Jeremie Eliahou Ontiveros

I think it's a pretty solid asset. They've done a lot of dilution, but when you start talking about a 600-megawatt asset, you realize how much it could be worth if all 600 megawatts were applied to AI. It's a big number.

Andrew Walker

It sounds like you like the IREN asset as well. Any other miners you want to touch on? We're coming up on an hour, so I don't want to drag this on forever.

Jeremie Eliahou Ontiveros

Very briefly, IREN is the more speculative one. It has a lot of power, but I'm not sure about the human capital and whether the company has the right people to execute.

Hut 8 has an interesting project in Louisiana. It has an interesting data center that is 100 megawatts in 2025 and expandable to, I think, 200 megawatts by 2026. It already has a solid site plan and secured power, so I think that's a pretty solid one as well.

Andrew Walker

Let me ask you a completely left-field question. Most of the data center activity is happening domestically in the United States. Forget Europe, which has power issues, but I'm always surprised that we haven't seen a company say, "Qatar has basically free natural gas. We're going to build a kajillion-dollar, jillion-megawatt plant there."

You could say the same thing about Brazil, which has huge energy resources. I'm surprised by how domestically focused the AI data center buildout has been. I'm sure I'm missing a few things, but why do you think it's been so focused on the United States?

Jeremie Eliahou Ontiveros

You're 100% right. I would say it's mostly about time to market.

An interesting way to visualize it is to look at where the large-scale data centers are today. Let's go back to 2022 or 2023. Where were the large-scale data centers? Most of them were self-built by U.S. hyperscalers, and 75% to 80% of those large-scale data centers were in the United States.

Large-scale data centers in the United States are nothing new. The country has the experience of building 100-megawatt-scale data centers. It has the supply chain, a decent amount of labor, and a decent amount of grid power. The United States is simply a good place to build data centers.

Andrew Walker

One risk I've heard is that you build a data center, spend $1 billion on it, put $4 billion worth of GPUs in it, and then the government shows up with machine guns and says, "Thanks for the $5 billion investment. We'll be taking that now."

Jeremie Eliahou Ontiveros

That's a big risk, but even without considering that, labor is an issue. You might want to build in the Middle East, but getting specialized labor isn't easy. Low-level labor is available, but specialized electrical, mechanical, and plumbing labor is more difficult to find.

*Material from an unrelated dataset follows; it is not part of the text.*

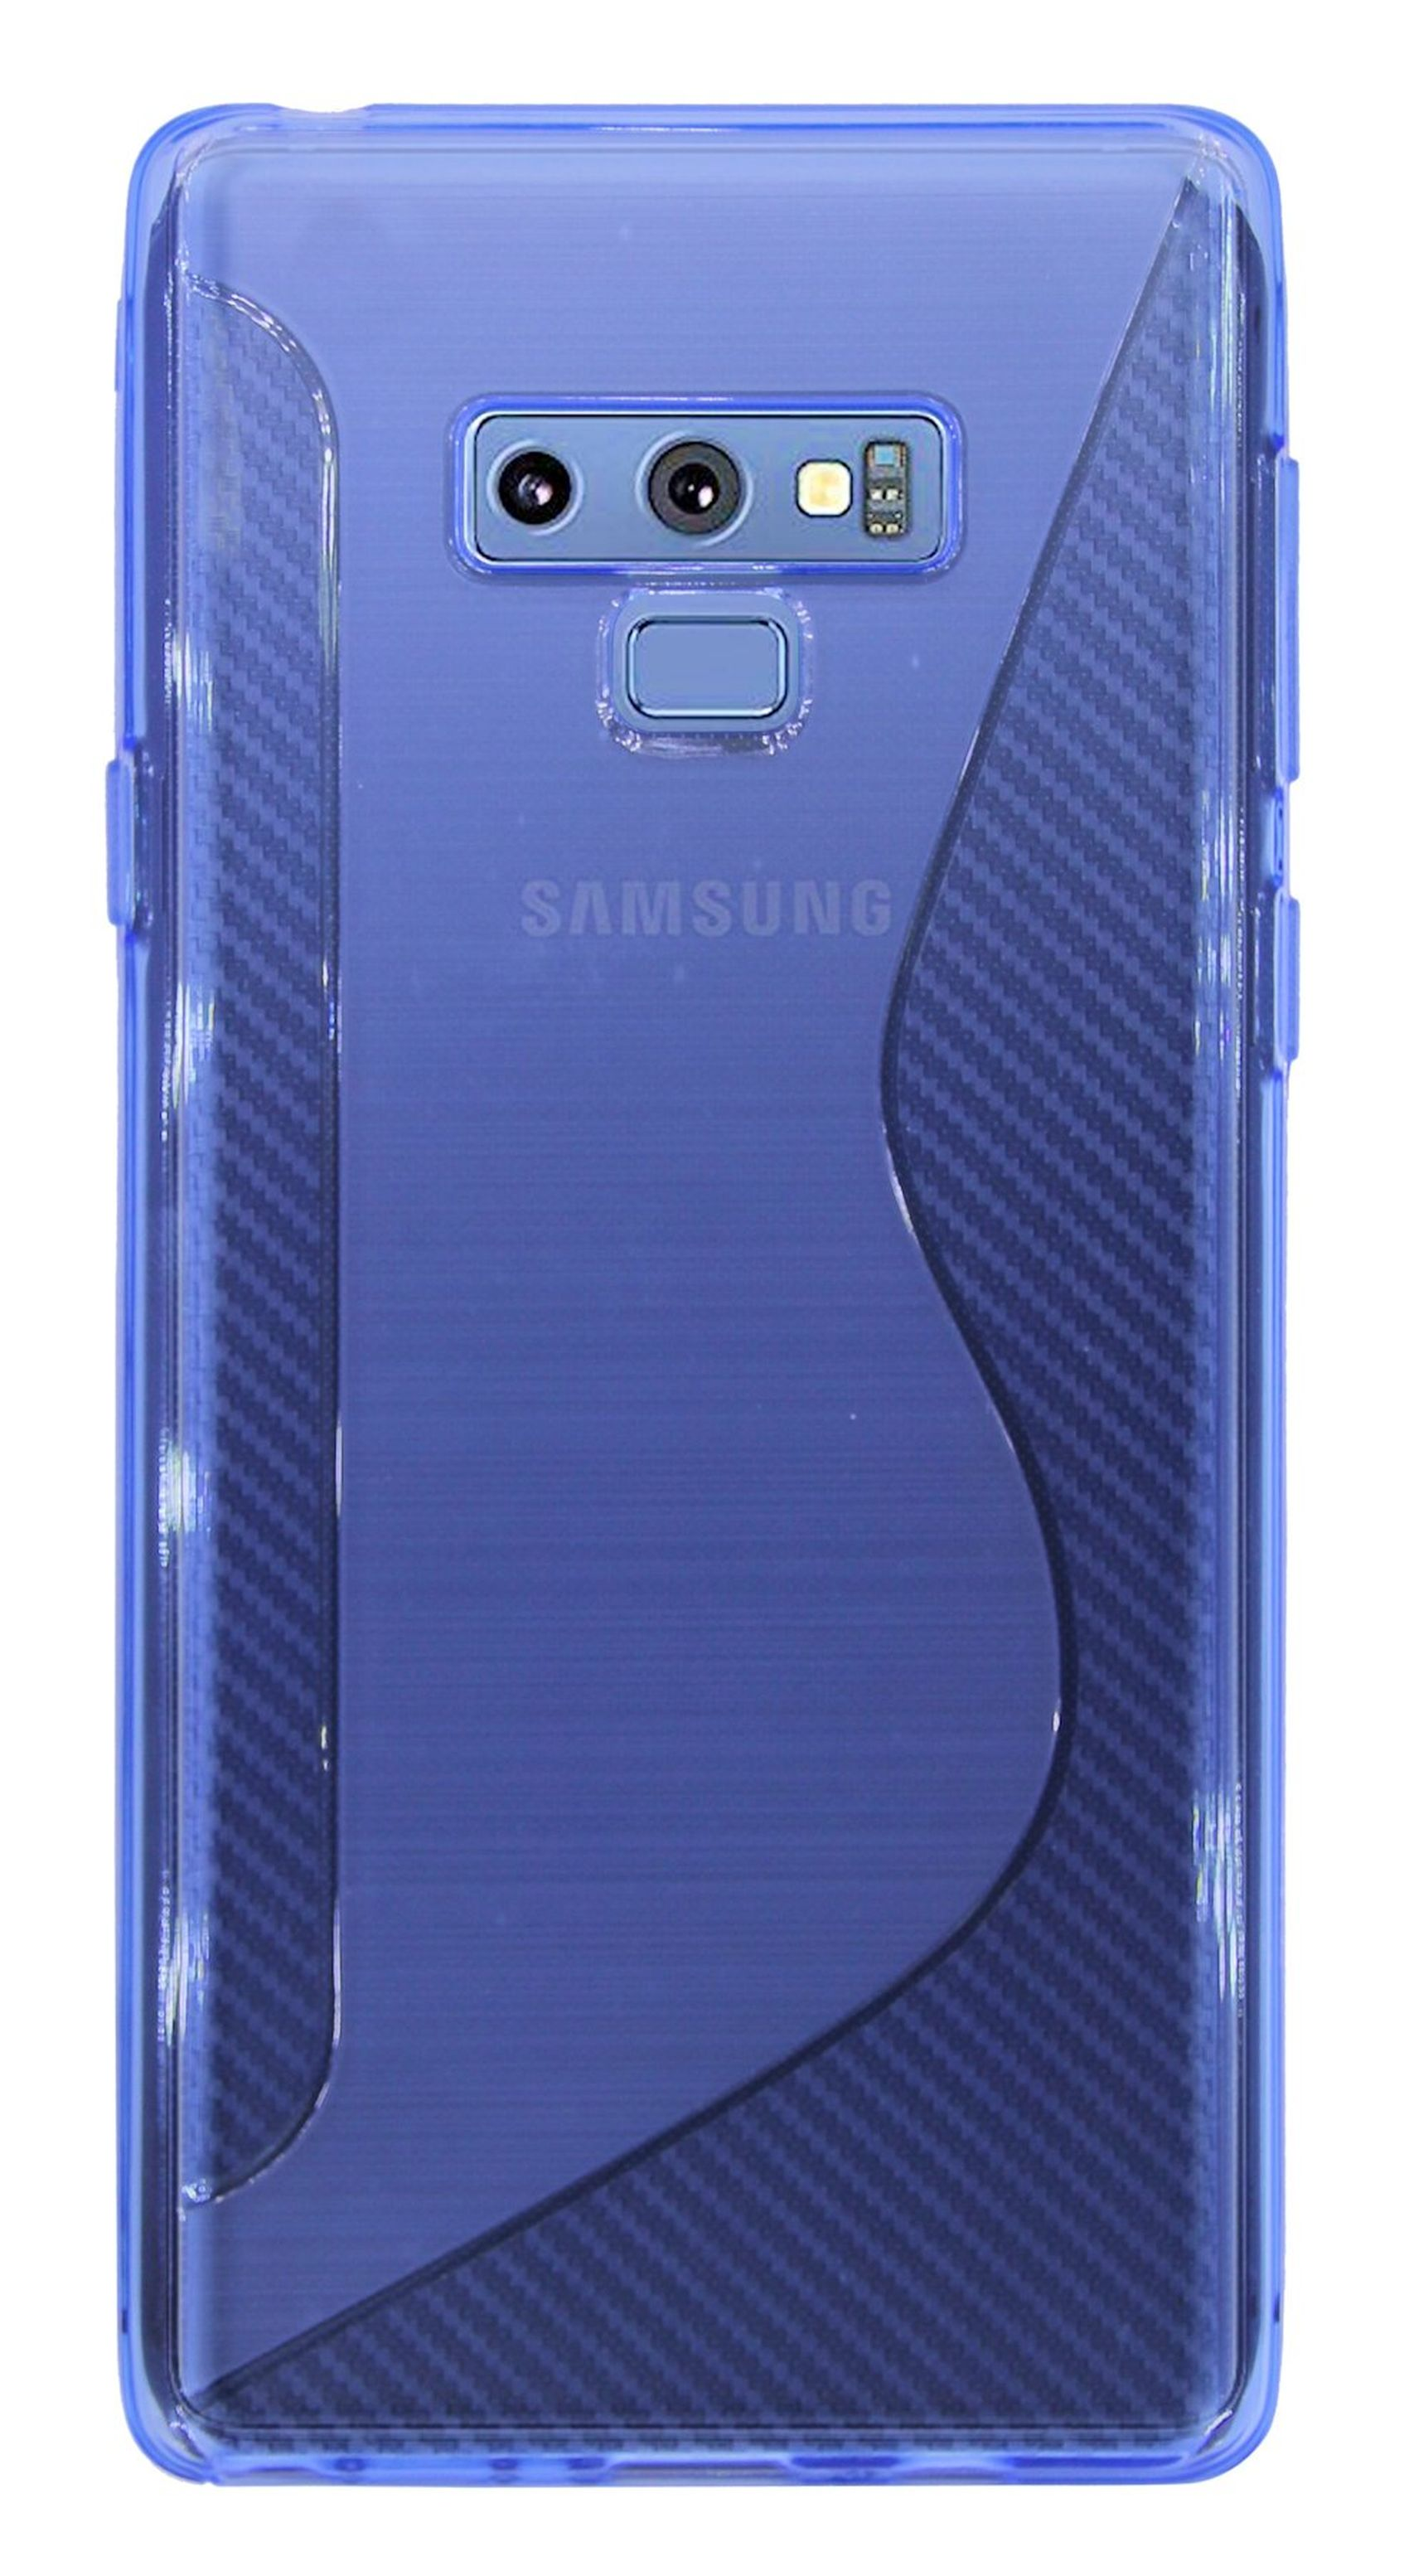 COFI S-Line Blau Bumper, 9, Galaxy Cover, Note Samsung

You hear the horror stories from Qatar when it hosted the World Cup and what it had to do with labor to build all those stadiums. That shows how difficult it can be to build overseas.

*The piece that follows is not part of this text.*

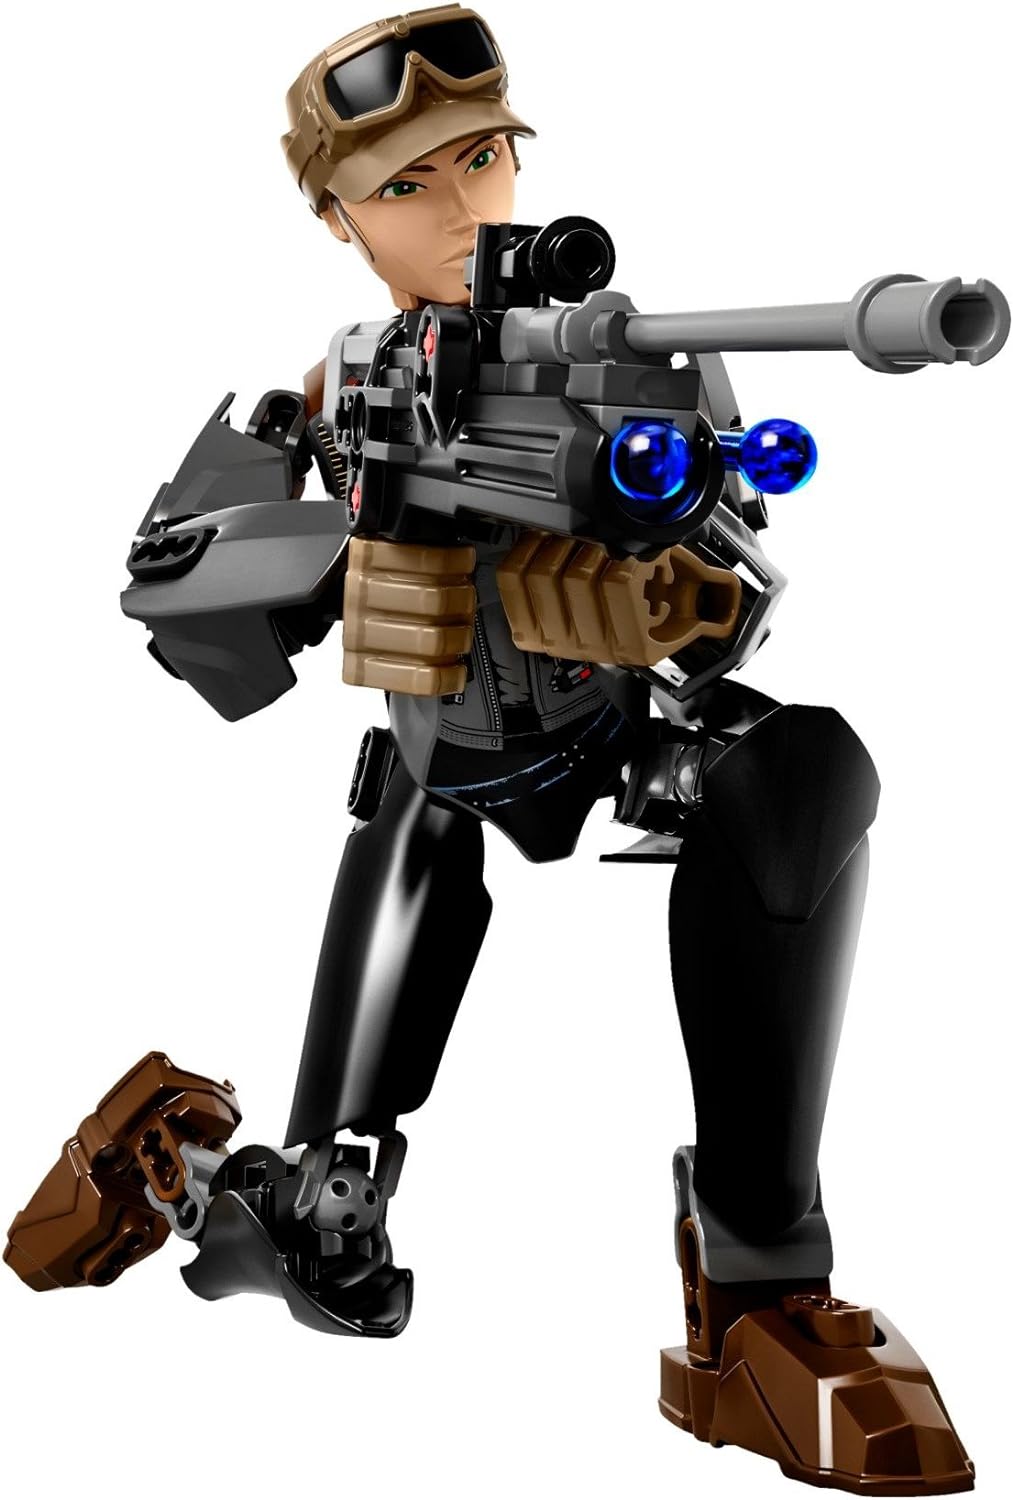 Model Kit Réplica Action Figure Sergeant Jyn Erso: Star Wars 26cm 104 Peças Lego Black Friday - MKP

The data center infrastructure has specific requirements, and no other country in the world currently knows better how to build large-scale data centers than the United States. The big AI labs, hyperscalers, and the surrounding ecosystem are all American, so it's all happening in the United States.

Andrew Walker

How can people find you if they want to get in touch or learn more?

Jeremie Eliahou Ontiveros

I have a very underfollowed Twitter account with almost no posts. LinkedIn is another option.

The best way to become familiar with our work is to check out SemiAnalysis. The website has incredibly deep content, and the other people on the team are amazing as well. The best way to reach out would probably be through SemiAnalysis, Twitter, or LinkedIn—whatever works for you.

Andrew Walker

This was a ton of fun. The industry is developing so quickly that we could probably do one of these every week and find a way to talk about something new. We probably won't do one every week, but we'll have to have you back for a follow-up conversation.

Thanks so much for coming on.

Jeremie Eliahou Ontiveros

Thanks for having me.

Andrew Walker

A final disclaimer: Nothing on this podcast should be considered investment advice. Guests or hosts may have positions in any of the stocks mentioned during the podcast. Please do your own work and consult a financial adviser.